Sam doesn't sleep well, and in the morning he is awake before it gets light. He slips into Josh's room to put the folded blanket and the pillow back in the closet before he leaves. Josh has kicked back the covers in his sleep and lies on his back. Some of the buttons on the loose pajama top have slipped out of their holes in the night. Sam can see the top of the scar from his surgery peeking out at him where the top button has come undone. The entry wound is hidden by the fabric. The scar tissue is angrily pink and has an ugly shine to it.

Sam has that same feeling he had watching the surgery, that he is a voyeur, that he should be ashamed to be looking. He wants to crawl into the bed, do up the buttons and hide Josh under the covers with him before the sun rises. He wants to lie under the blankets, listening to Josh breathe, and wait for it all to go away, far far away. He wants to know if Josh's scar tingles in the cold morning air.

* * *

"I don't feel beholden to you," CJ says one night, poking her head into his office, "but I do want to buy you a drink, Sam."

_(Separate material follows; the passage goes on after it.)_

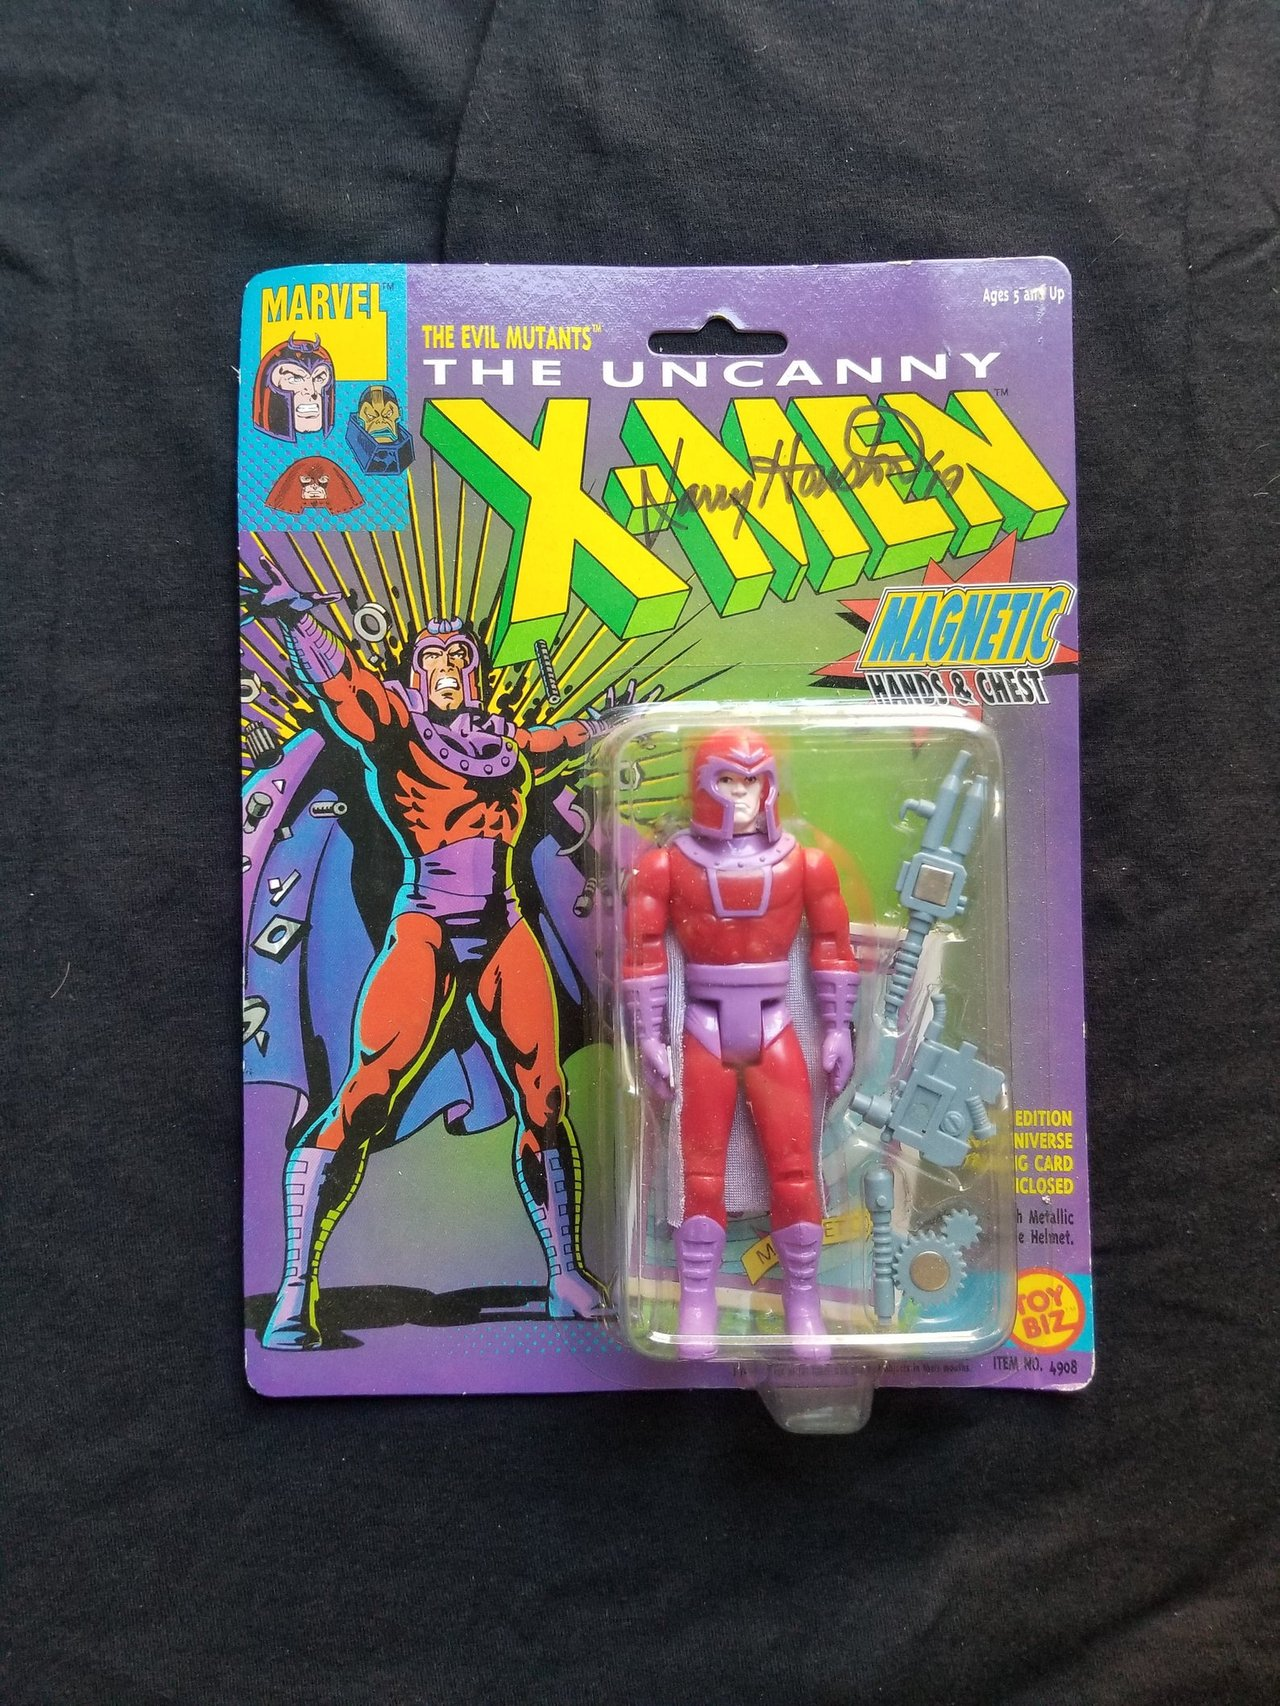 Autographed Toy Biz Magneto Marvel Uncanny X-Men Vintage Signed Action Figure Animated Series

"Oh. Okay," he says, twirling a pen back and forth between the fingers of his right hand. "I'm sort of working on the thing for Monday night."

"How's that going?"

He looks from his legal pad, covered in scribbled fragments of rhetoric and angular doodles, up to her face, and then back to the paper. He hits the trash can with the first shot.

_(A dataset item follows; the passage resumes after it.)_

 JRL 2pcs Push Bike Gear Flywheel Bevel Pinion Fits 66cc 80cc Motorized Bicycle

"Nothin' but net," he says glumly.

"So get your coat, Spanky," she says. "It's raining out."

They walk together through the drizzle to Finlay's, where she orders a dry martini for herself and Scotch on the rocks for him. He actually wanted a beer but he doesn't protest. They sit at the bar and she crosses her long legs, takes a quick look at the TV showing CNN before she raises her glass. Finlay's is that kind of place, a haunt for federal employees who like to pretend they're still grad students without having to endure the noise level and the music of a student hang-out.

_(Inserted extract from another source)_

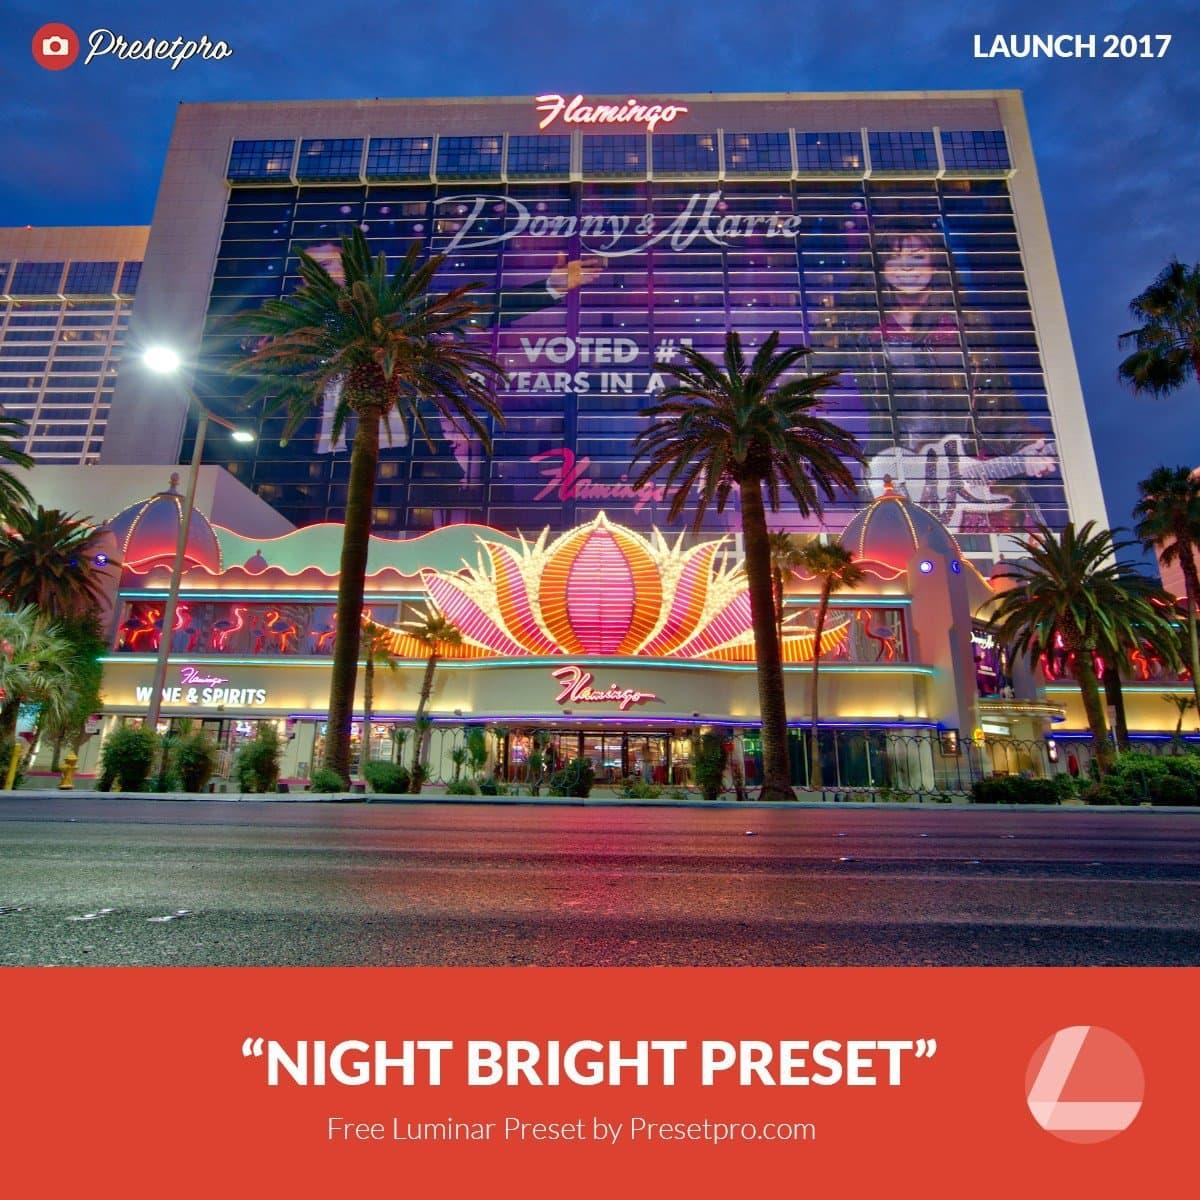 Free-Luminar-Preset-Night-Bright

"Well...to the grand high theory of everything," she says, clinking her glass against his, and he thinks of Josh and his throat tightens. "You know Josh *still* discourses on cutting-edge physics every once in a while? Yesterday he started giving me a lecture on dark matter. I had to pretend I was late for an off-the-record clandestine, you know, rendez-vous to leak a thing."

He shrugs. "The President went out and bought him a bunch of books when he was recovering to give him something other than work to think about. For some reason he threw in a copy of 'A Brief History of Time'."

She pulls the olive out of her drink, holds it up and regards it for a second, and then takes it delicately between her teeth and slides it off the cocktail stick and into her mouth. "He drives me crazy sometimes. Does he drive you crazy?"

"Josh or the President?" The ice-cubes in the low-ball glass clink together as he swirls the Scotch round in it.

"I was thinking of Toby, actually, but take your pick," she says quietly, but she doesn't elaborate.

They're silent for a while, sipping at their drinks, watching the CNN ticker scroll across the bottom of the screen. "Is there a television in this town that *isn't* tuned to CNN twenty-four seven?" he wonders out loud.

She shoots him a sideways glance, drains her martini. "I hear there are secret Republican speak-easies where they show Fox News," she says, tilting her empty glass at the bar-tender.

She orders another round. He drinks some more Scotch, starting to enjoy the burn in his throat and the whiskey glow settling in his stomach.

"So I hear you wanted Josh to sue the Klan."

"No, the Southern Poverty Law Center wanted Josh to sue the Klan."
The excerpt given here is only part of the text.